Data science is, or will be, a specialist’s field. But this blog is devoted to considering the data science skills needed by all students. I think, therefore, that the issues raised by this report concerning the ‘core’ skills are very important. A data scientist may have a specialists’ collection of skills, in the aggregate, but many of this skills and understandings, in isolation, will need to be part of our core education. This report encourages us all to think seriously about precisely which skills and understandings those should be.

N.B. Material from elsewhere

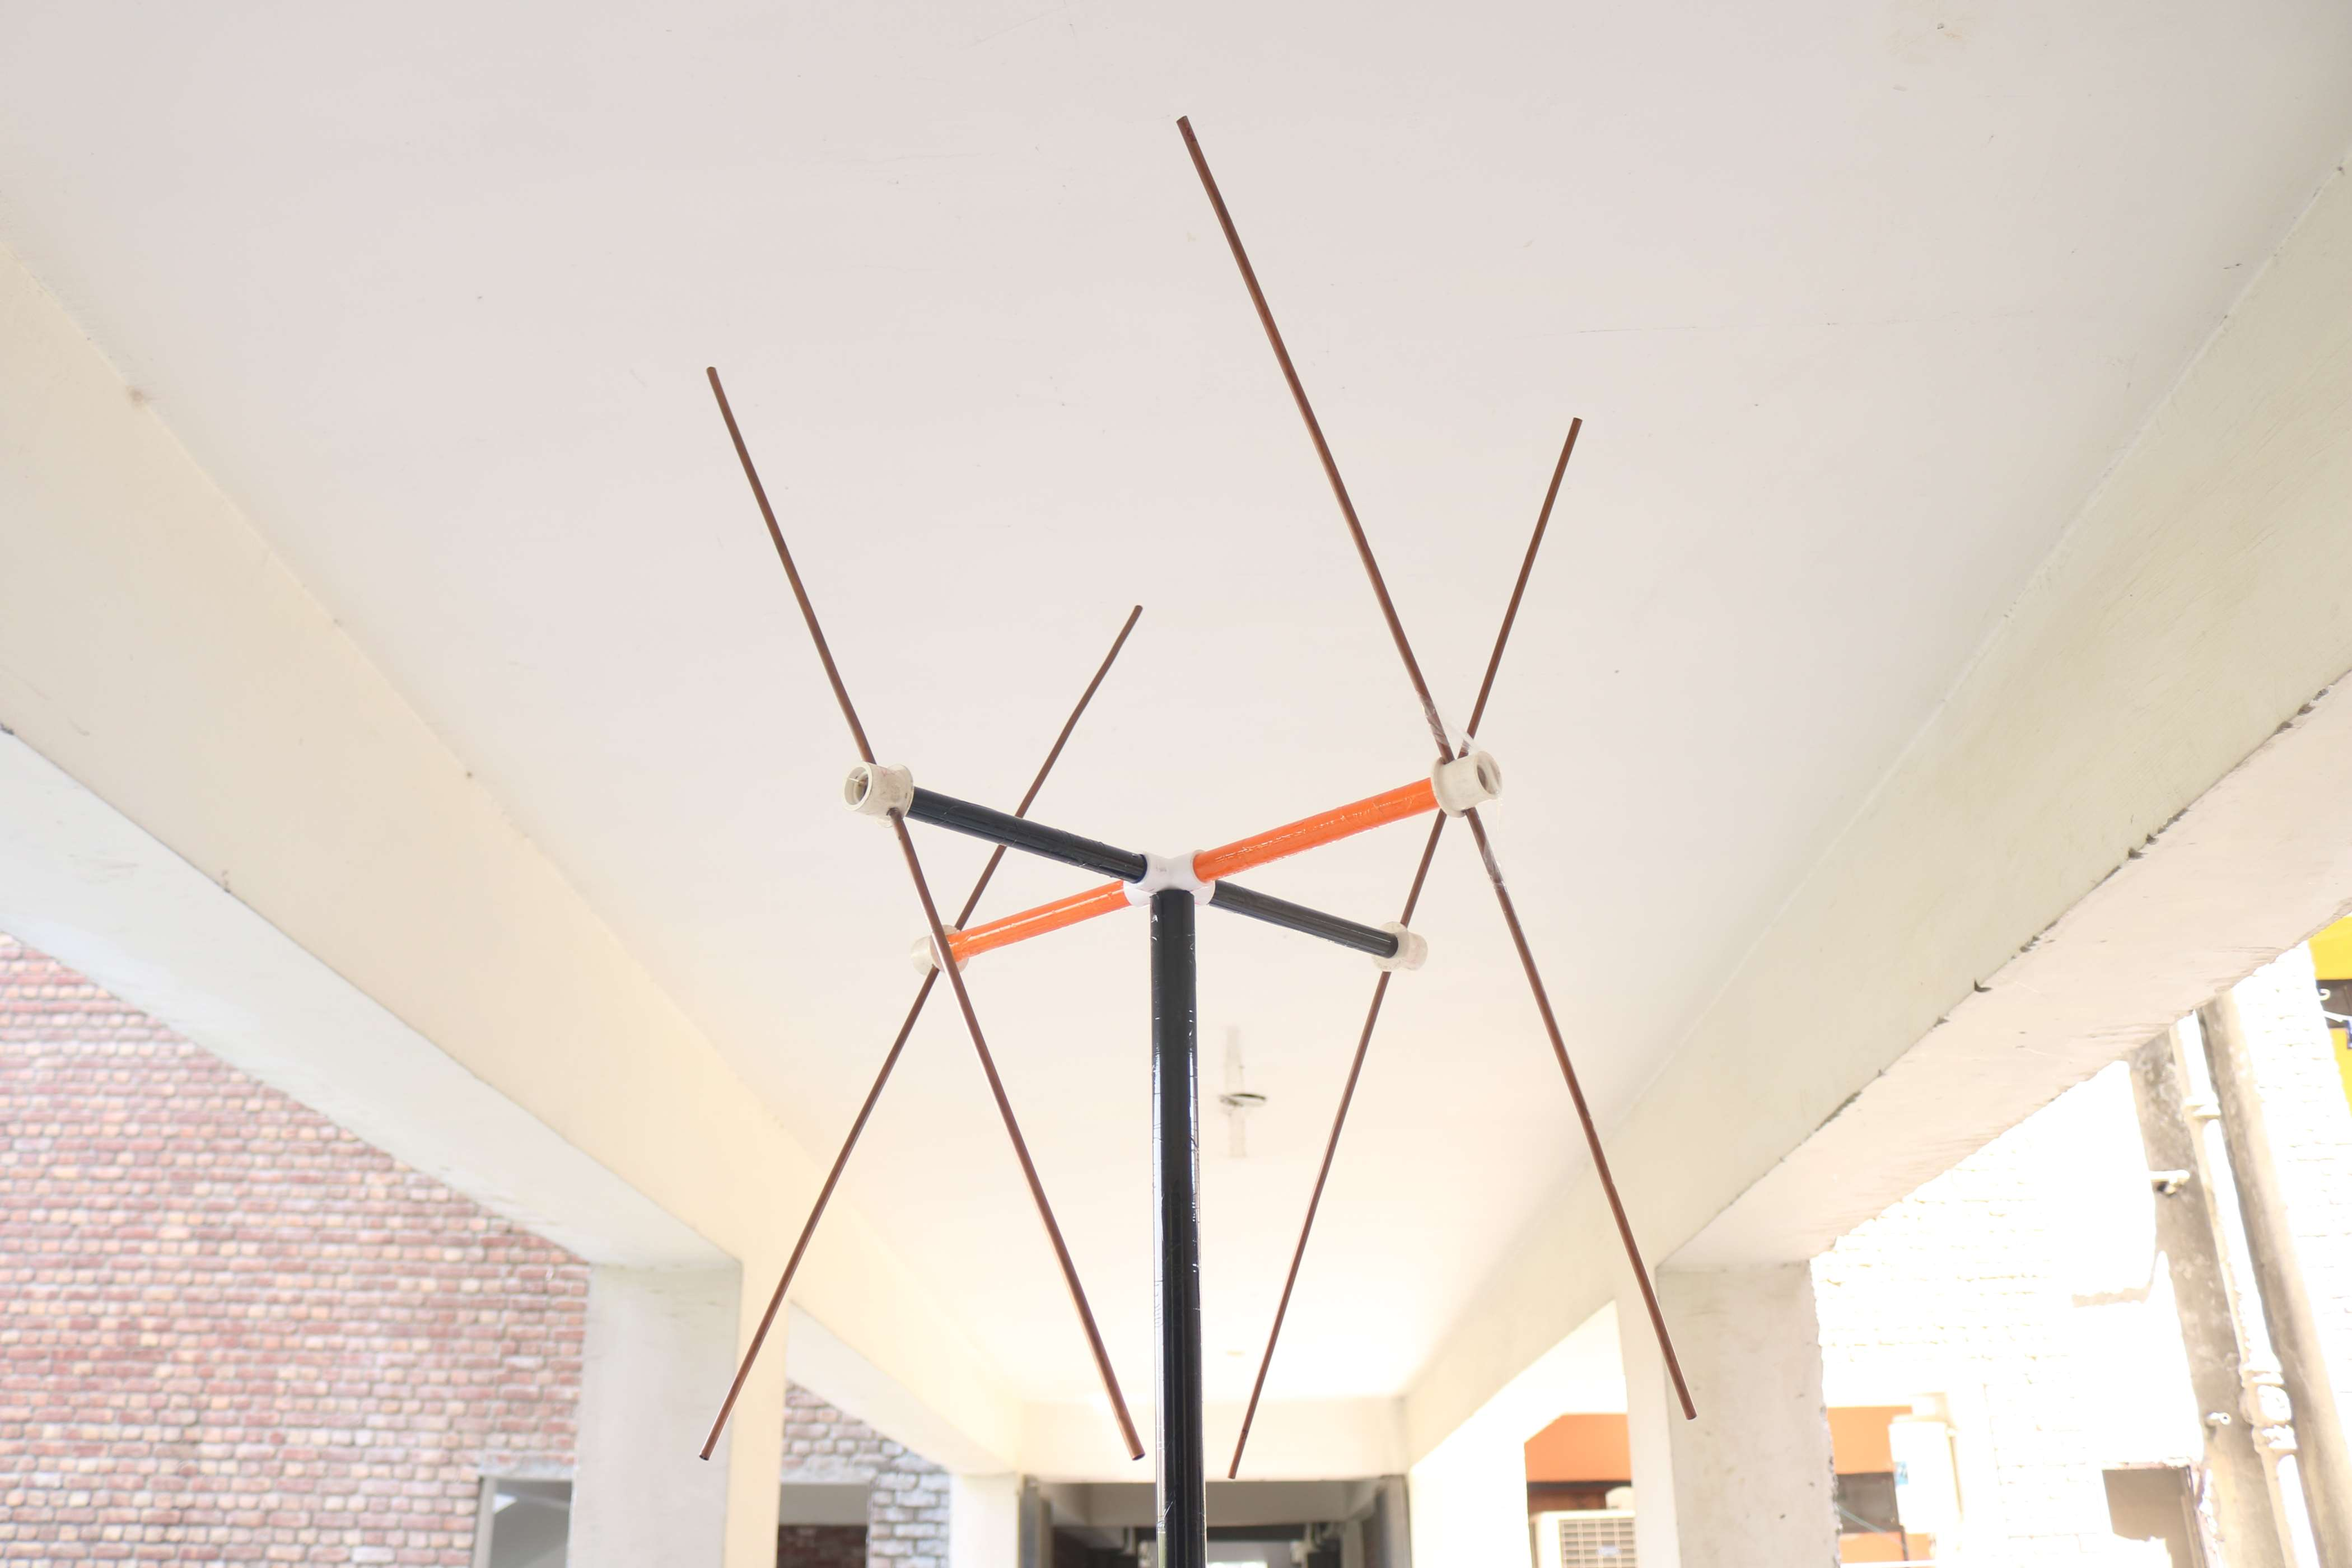 Double Cross Antenna for NOAA / METEOR Weather Satellite : 137 MHZ

Just read a great paper by Anna Bargagliotti in the current Journal of Stats Education, “How well do the NSF Funded Elementary Mathematics Curricula align with the GAISE report recommendations? “. The answer: it depends. Anna compares three math curricula designed to meet the Common Core Standards for grades K-12: “Investigations in Number, Data, and Space”, “Math Trailblazers”, and “Everyday Mathematics.” Anna compared them to the Guidelines for Assessment and Instruction in Statistics Education K-12 report, which, to quote her paper, “defines a statistically literate person as one who is able to formulate questions, collect and analyze data, and interpret results.” I personally feel the “analyze data” component is the most important, since this is a skill all students should acquire, and a skill that requires a strong understanding of statistical concepts and methods.

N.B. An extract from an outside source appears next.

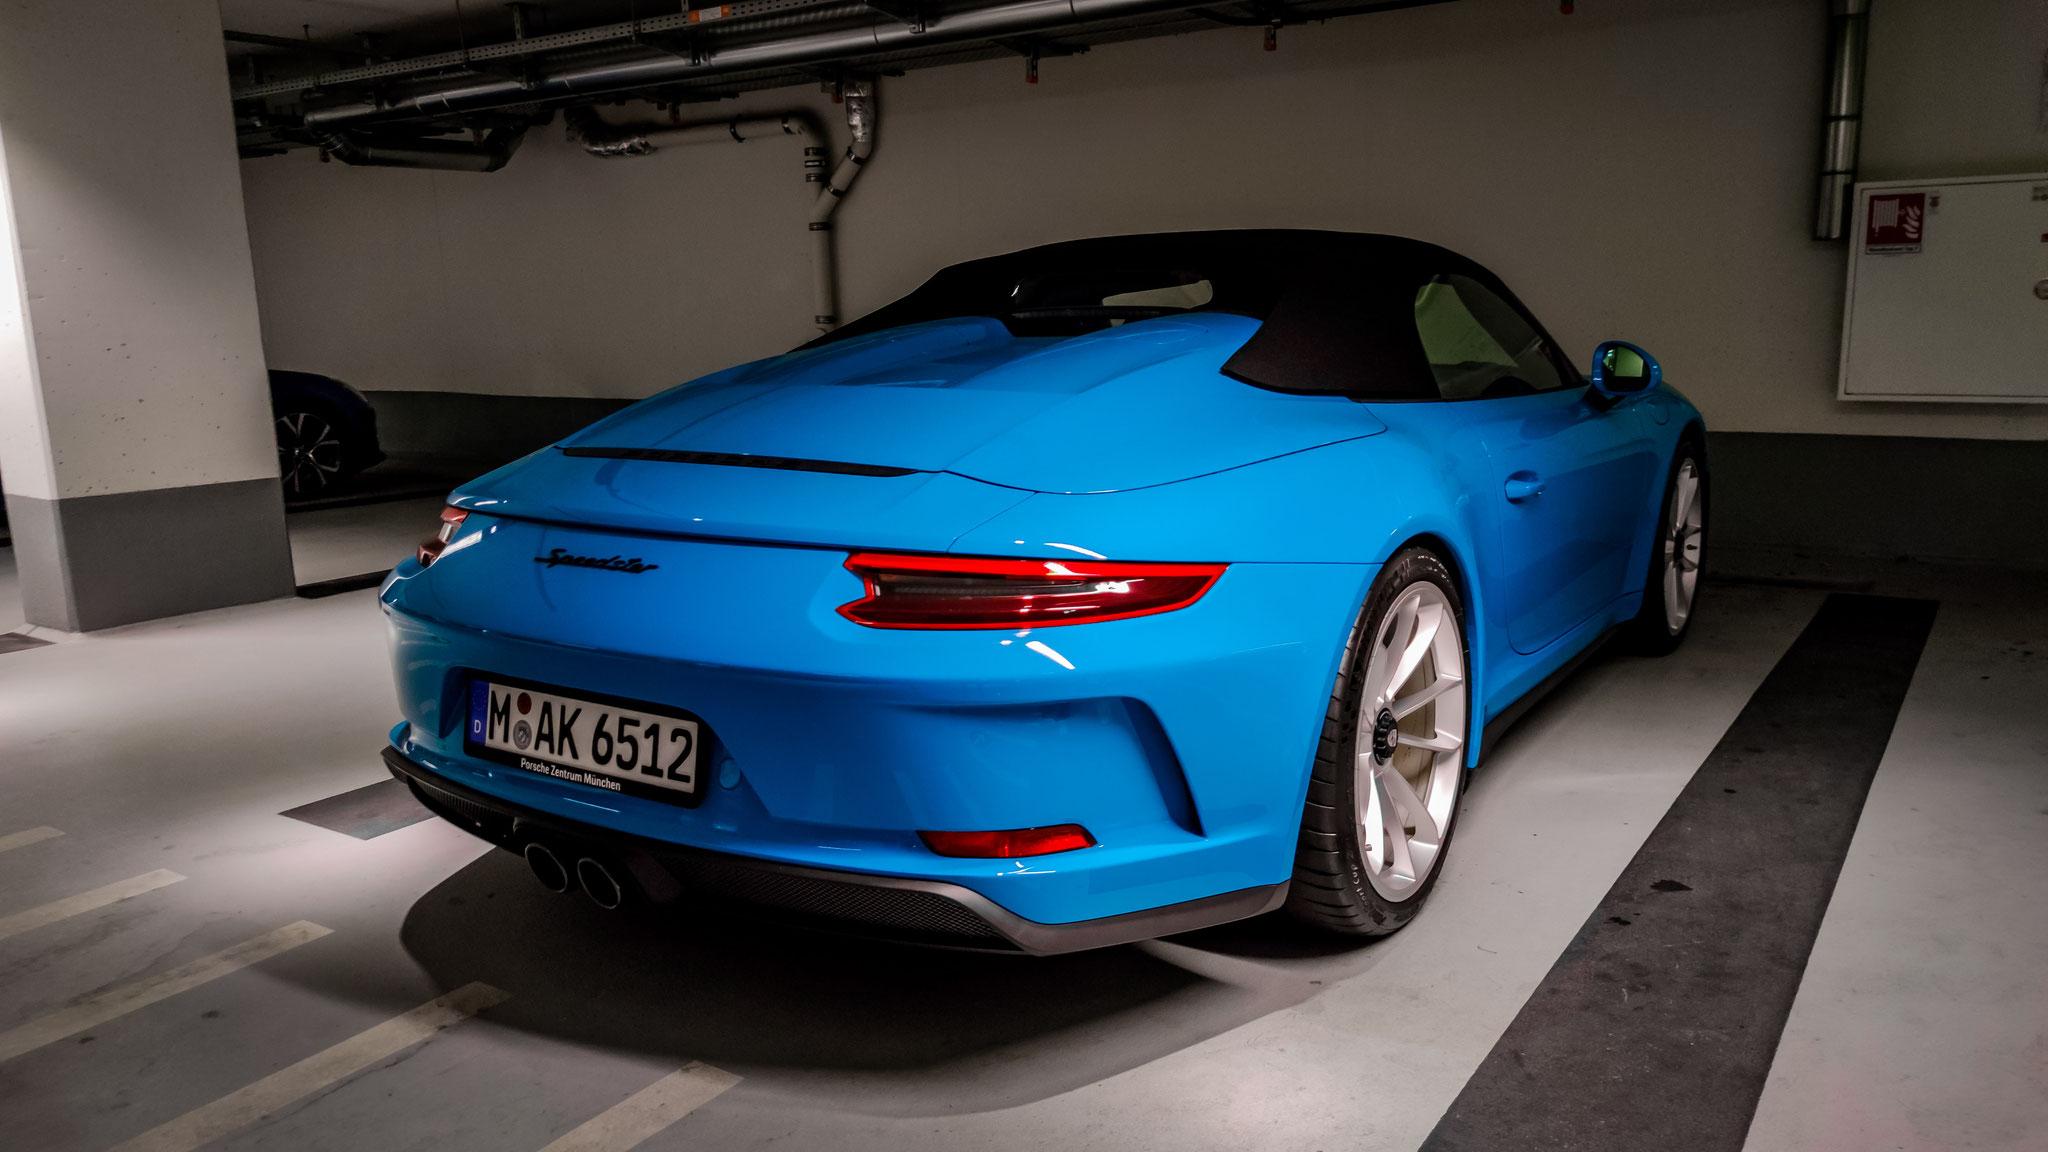 Porsche 991 Speedster - M-AK-6512

The GAISE report identifies three developmental levels, labeled A, B and C. Since Anna is concerned with earlier grades, she considers only levels A and B. Level A is “below” level B in some sense, but the levels might overlap, and students might advance to level B on some topics while still studying at the Level A on others. Levels aren’t associated with particular grades, but, roughly speaking, one might expect Level A to occupy most of a child’s K-6 years, and level B much of middle school and early high school. For example, in Level A, students investigate situations in which they are not expected to go beyond the sample at hand. In Level B, they begin to informally consider what the sample at hand has to say about a larger context. In Level C, they learn formal methods for inference.

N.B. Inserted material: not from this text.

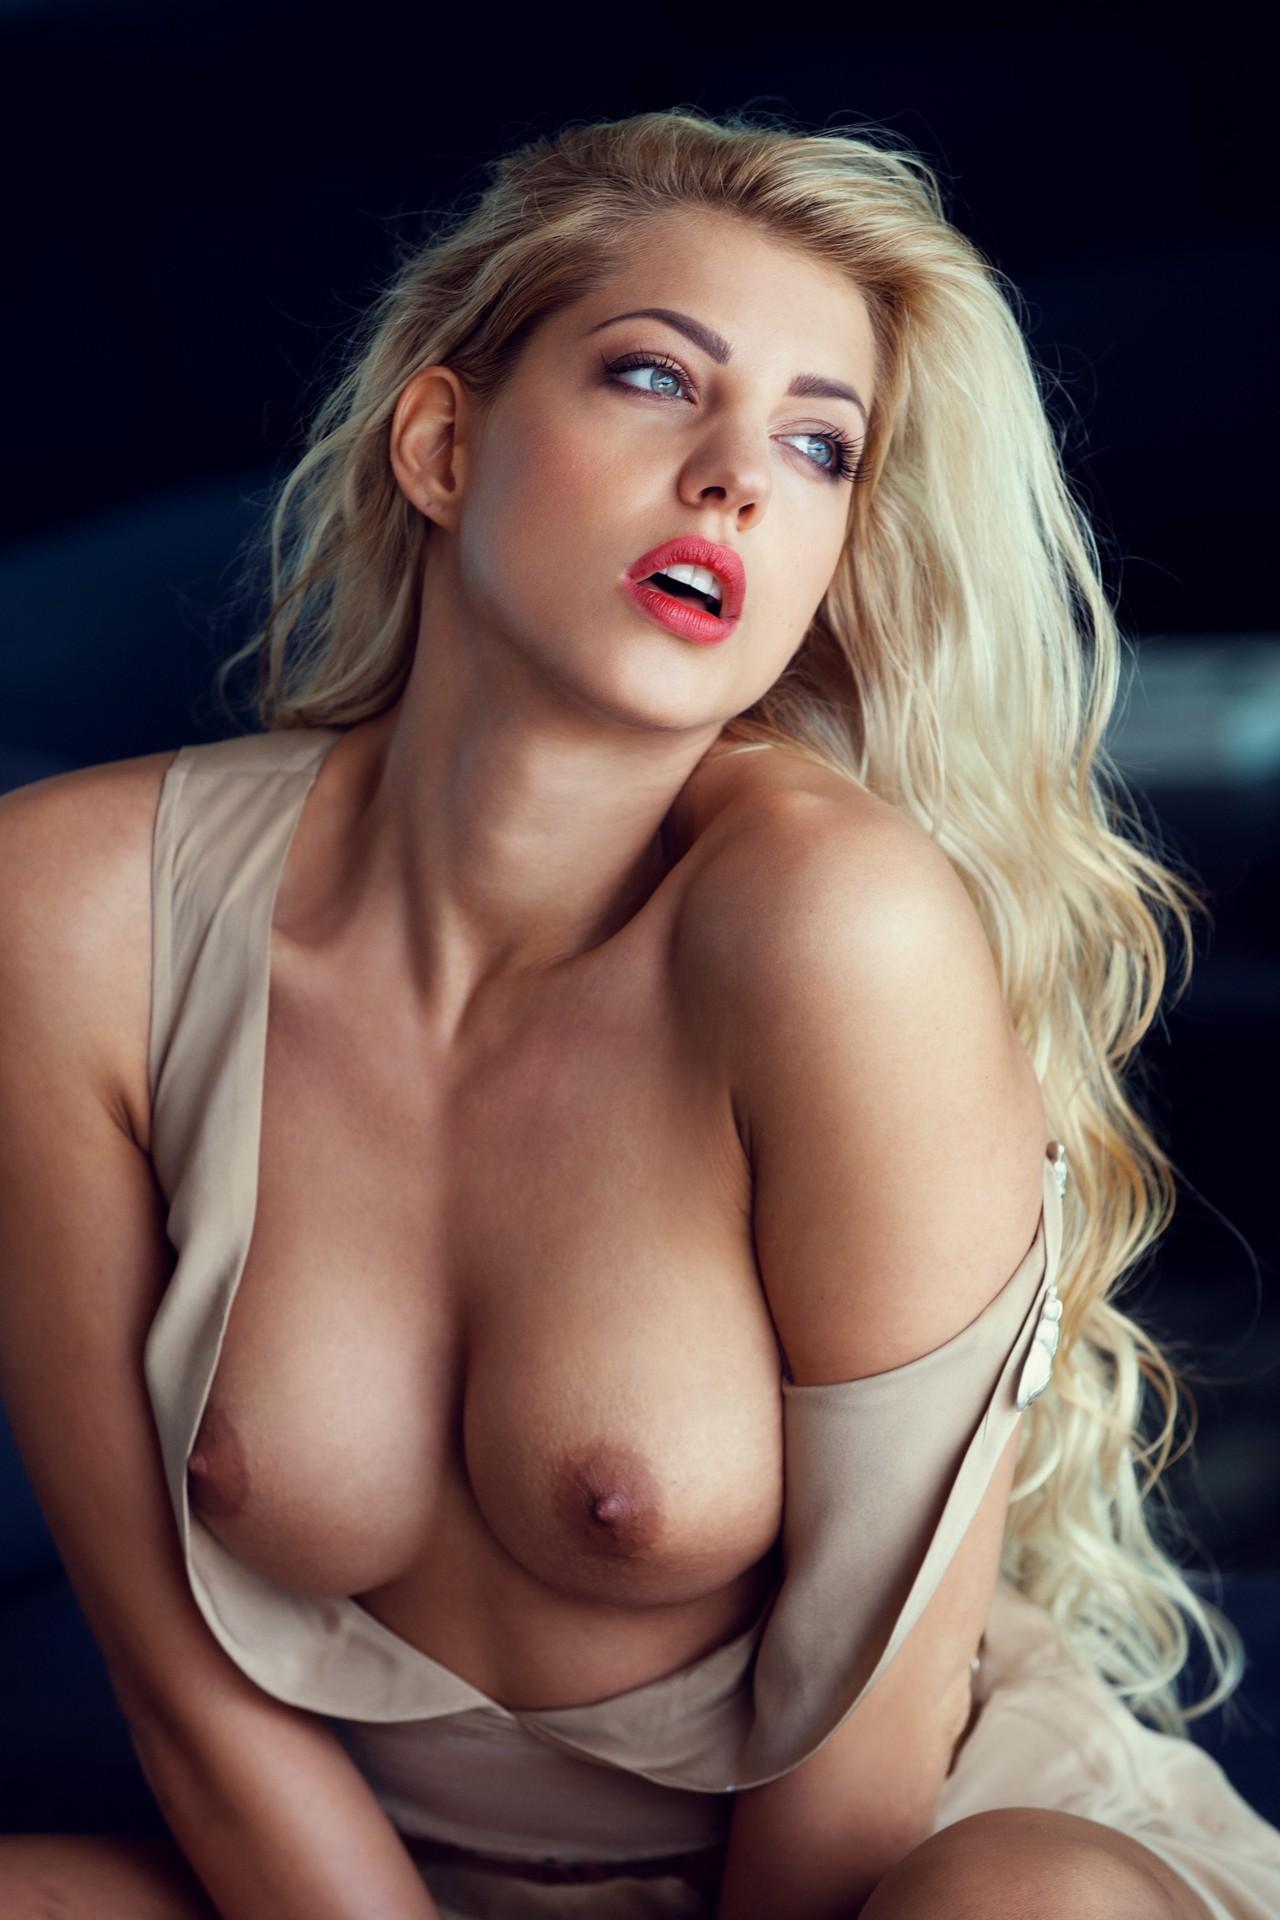 Bilder sarah nowak nackt Playmate Wallpaper

Two of the curriulca, “Investigations” and “Trailblazers”, according to Anna’s paper, move students from Level A to B and have strong data analysis components. The third, “Everyday”, favors probability, seems to ignore data analysis, and is so weighted towards computation that it was difficult to determine whether it was teaching at Level A or B. (Well, that’s my reading of Anna’s findings. There is room for more nuance there, but that’s one advantage of a blog over an academic paper: we can ignore nuance.)
Now here’s the depressing part: one of these curricula is used by 3 million students. If you guessed “Everyday Mathematics” go to the head of the class. Trailblazers is used by a healthy number, too: 500,000. But that’s only 1/6 the size of Everyday. So while the good news is that the Common Core provides students with the opportunity to learn some truly useful and needed statistics, the bad news is that most of them continue to be taught probability at the expense of data analysis.
We have just finished another semester, and before my mind completely turns to rubble, I want to share what I believe to be a fairly good assignment. What I present below was parts of two separate assignments that I gave this semester, but upon reflection I think it would be better as one.
Read the article Let’s Practice What We Preach: Turning Tables into Graphs (full reference given below). In this article, Gelman, Pascarica, & Dodhia suggest that presentations of results using graphs are more effective than results presented in tables.
Gelman, A., Pasarica, C., & Dodhia, R. (2002). Let’s practice what we preach: Turning tables into graphs. The American Statistician, 56(2), 121–130.
Find an article in a journal that presents results (or data) in a table. Re-create the data in a tabular format using R (or Excel).
- Use the functions in ggplot2 to produce a plot that conveys the same message as the original table.
- Include the original table (this can be a screenshot or web-link) and citation, along with your plot.
- Write a few sentences describing why the plot you produced provides a better presentation of the results or data (be sure to use recommendations from the article in making your case).
In the second part of this assignment, you will write a tutorial for the process you followed for turning a table into a plot using R Markdown and will publish that tutorial on RPubs.
There are several resources for learning R Markdown.
- RStudio’s [documentation] for writing a document with R Markdown
- Yihue’s [screencast] introducing R Markdown
- An [example/tutorial] from PSU
Your tutorial should be written so that a student who was just learning ggplot could follow your directions easily. Include instructions for obtaining the data, getting it into a useable tabular format, manipulating the data so it can be used with ggplot, and well-commented instructions for creating your final plot. (Think of the level of detail you would want in a tutorial when you were first learning ggplot!)
It should also include:
- a citation or link to the website/journal that published the original table
- a view of your final data (full or a subset depending on size)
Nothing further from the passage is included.